- BRIEF: All lines below starting at the one that holds "Peace gathering organised" and ending at the one that holds "Resume Headline For Project Manager" should be printed exactly, ends included. Pictures should not be printed, nor anything else.

RECORDS FOR THE EXERCISE Start Marker

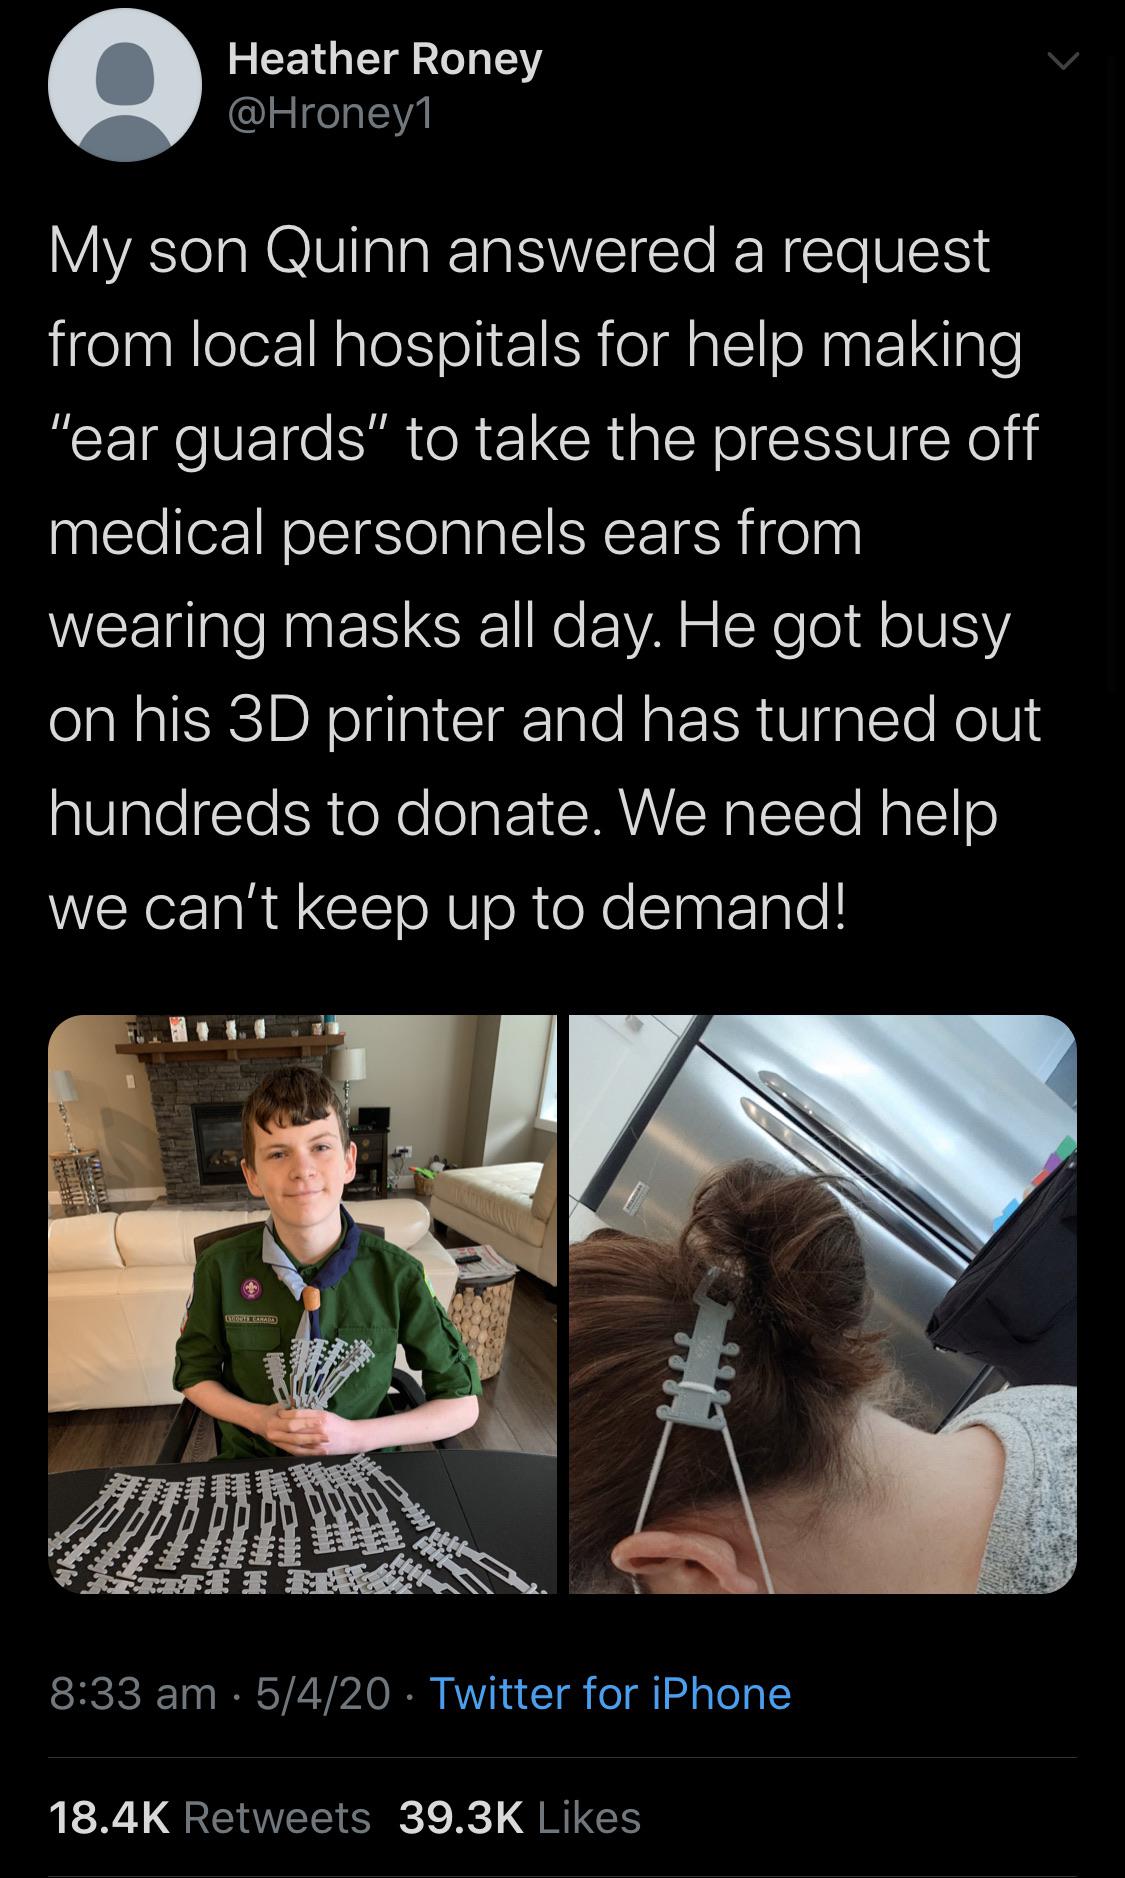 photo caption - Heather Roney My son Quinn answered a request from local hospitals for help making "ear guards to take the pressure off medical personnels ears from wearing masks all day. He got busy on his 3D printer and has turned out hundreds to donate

RECORDS FOR THE EXERCISE End Marker
RECORDS FOR THE EXERCISE Start Marker

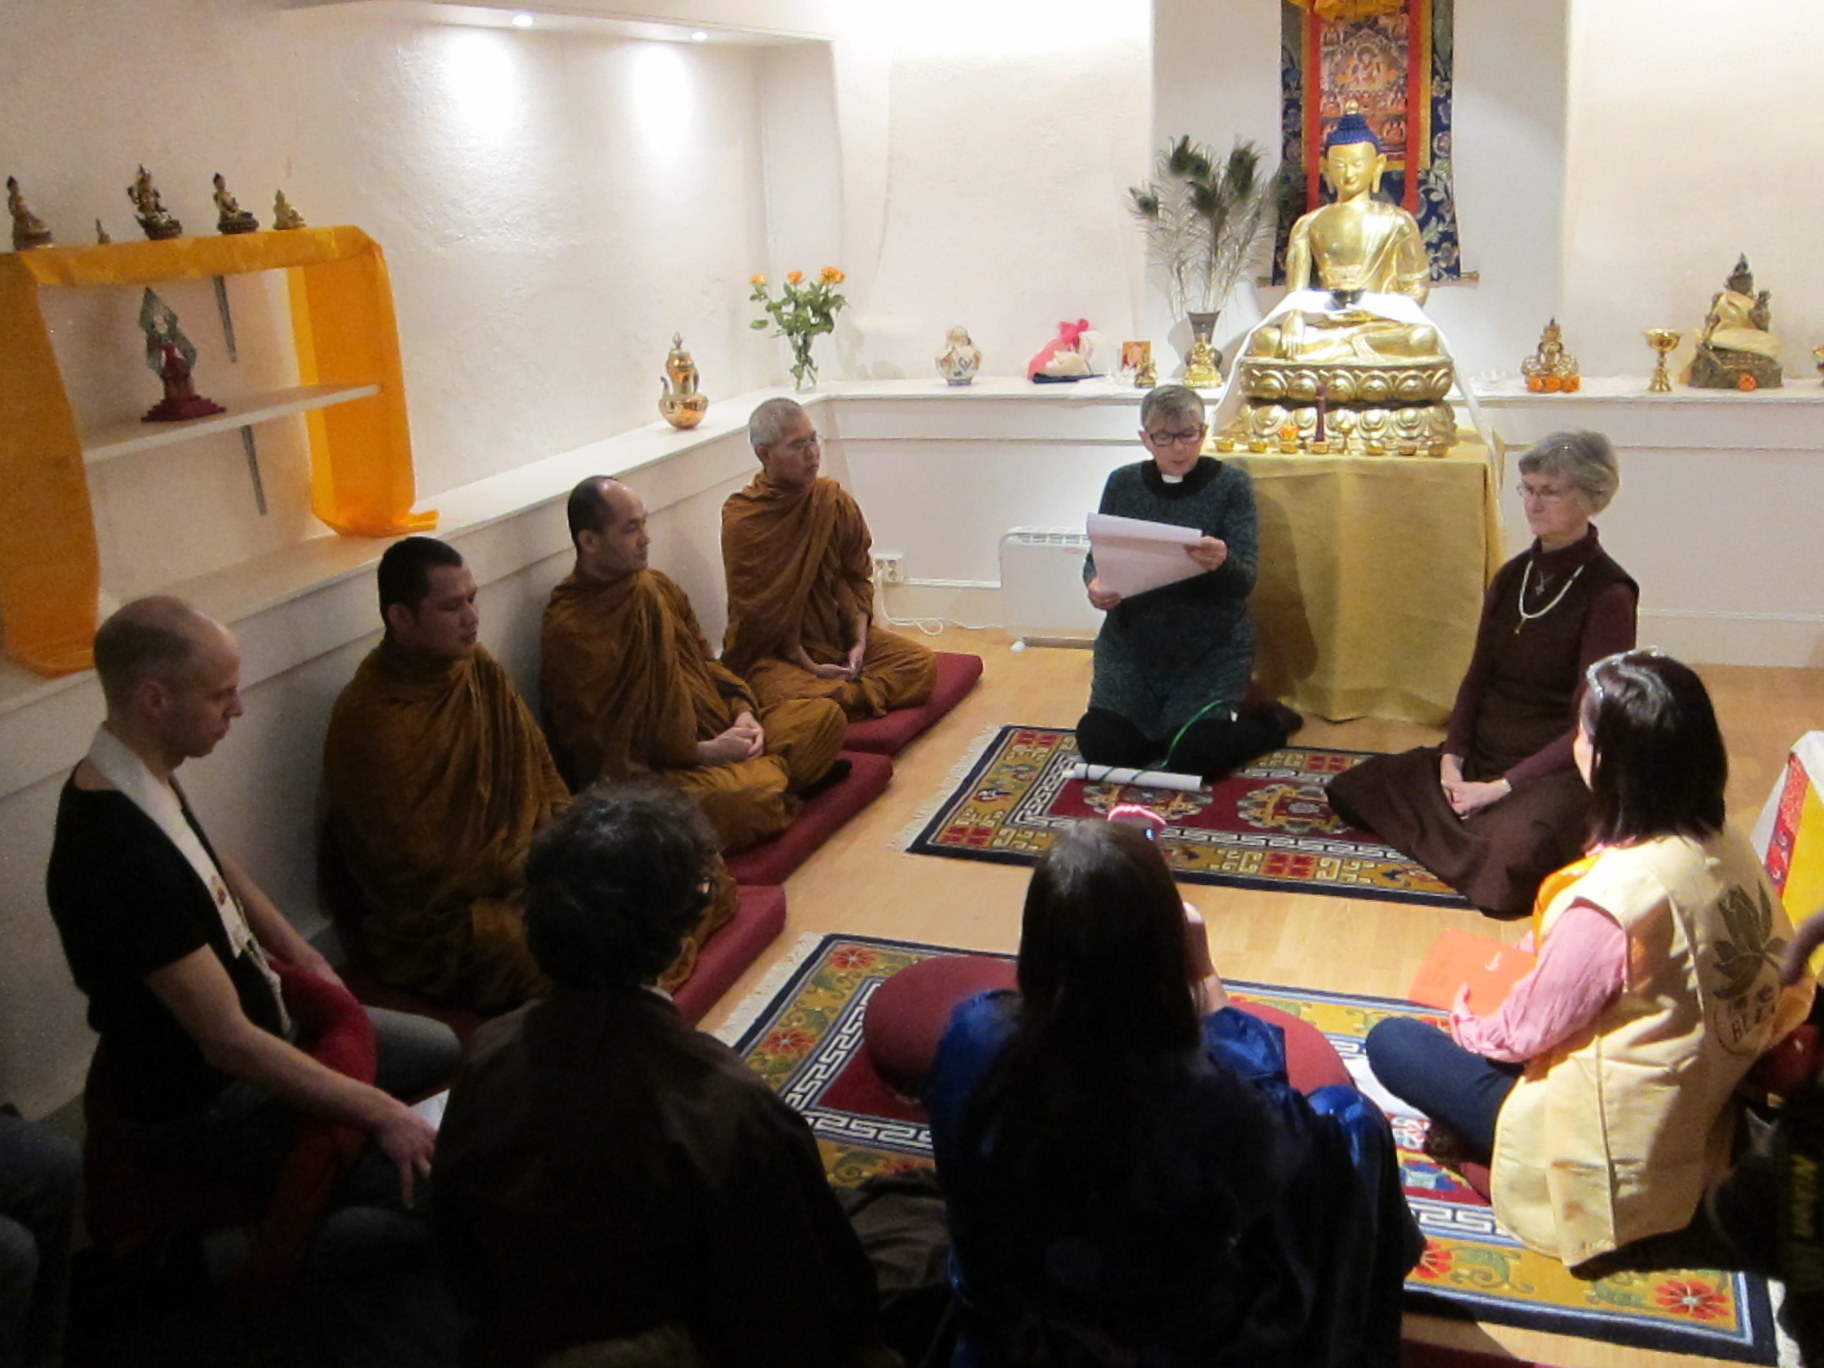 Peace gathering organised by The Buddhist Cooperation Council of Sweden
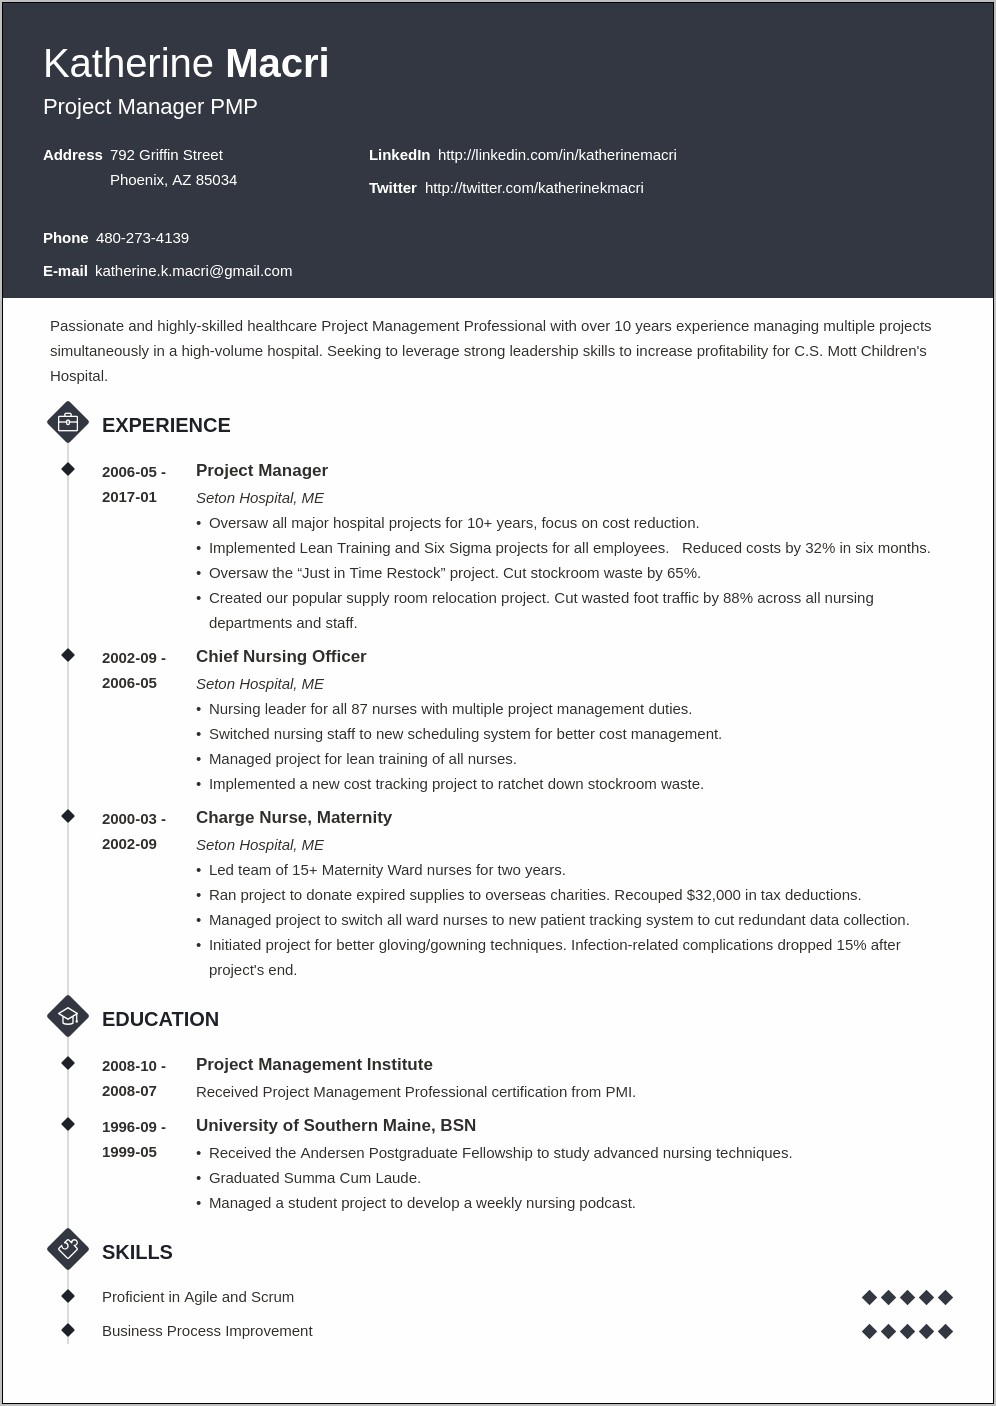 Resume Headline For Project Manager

RECORDS FOR THE EXERCISE End Marker
RECORDS FOR THE EXERCISE Start Marker

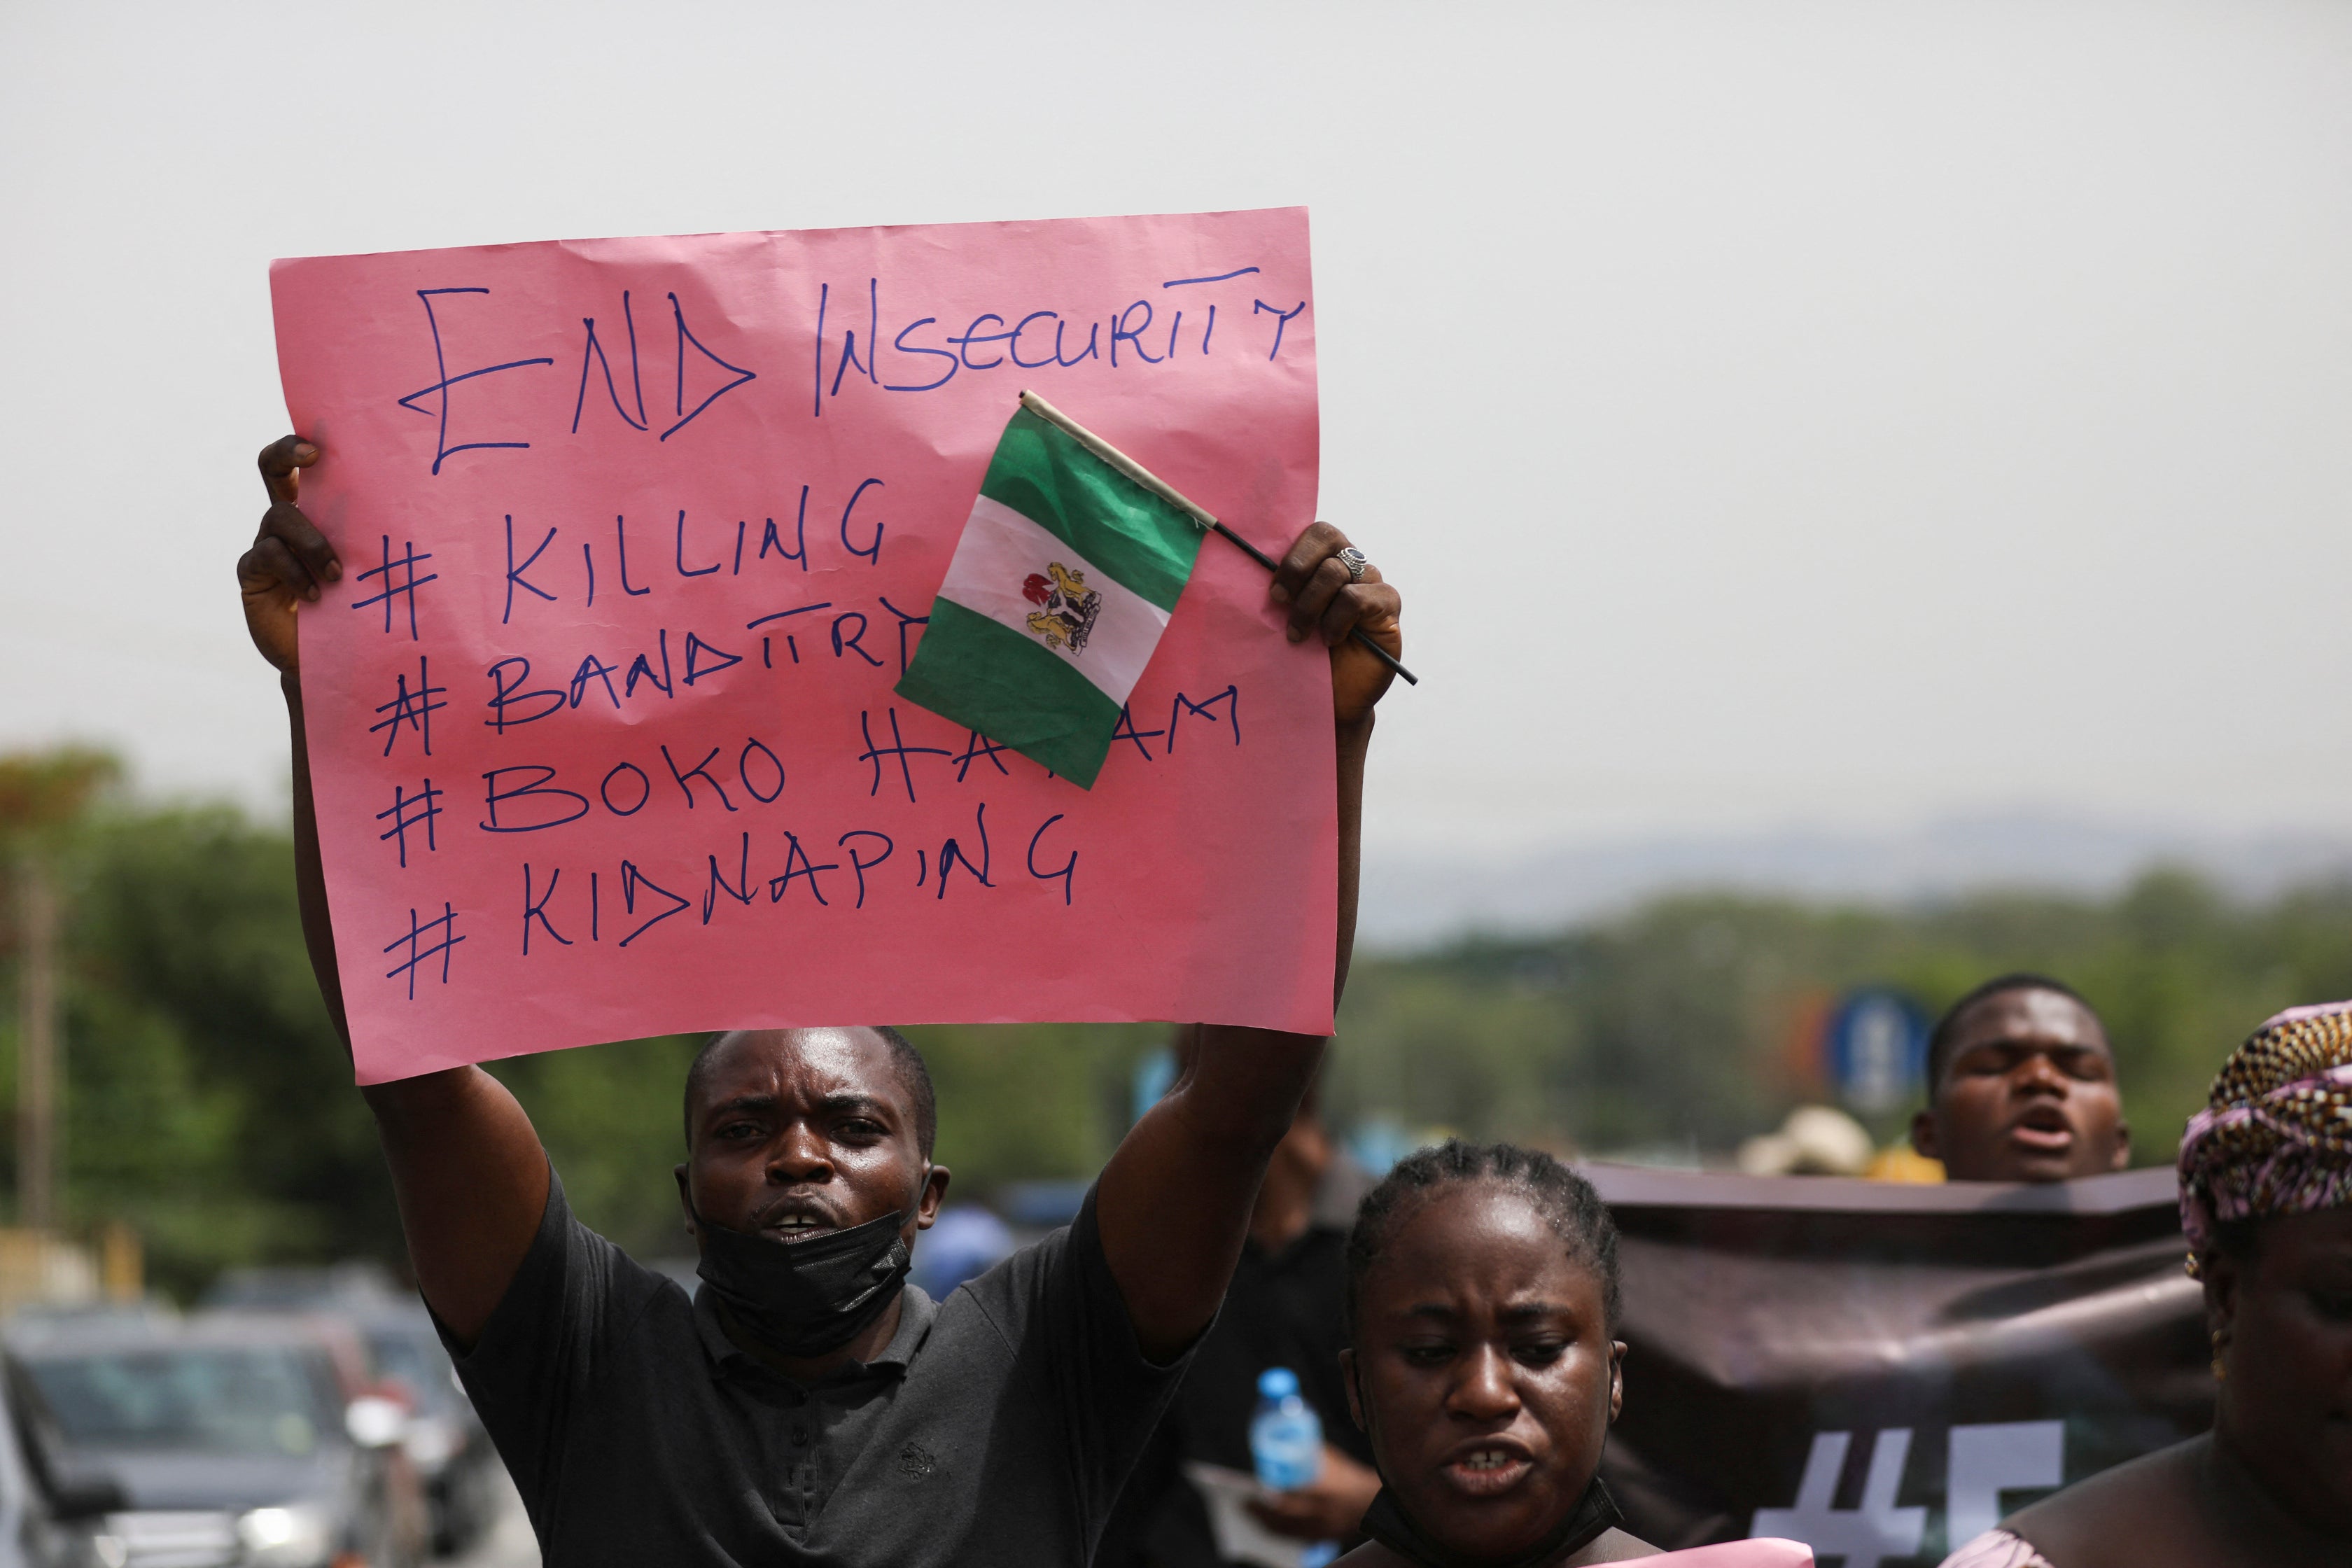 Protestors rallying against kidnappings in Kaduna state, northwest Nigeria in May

RECORDS FOR THE EXERCISE End Marker

- RESPONSE FOR THIS EXERCISE:
 Peace gathering organised by The Buddhist Cooperation Council of Sweden
 Resume Headline For Project Manager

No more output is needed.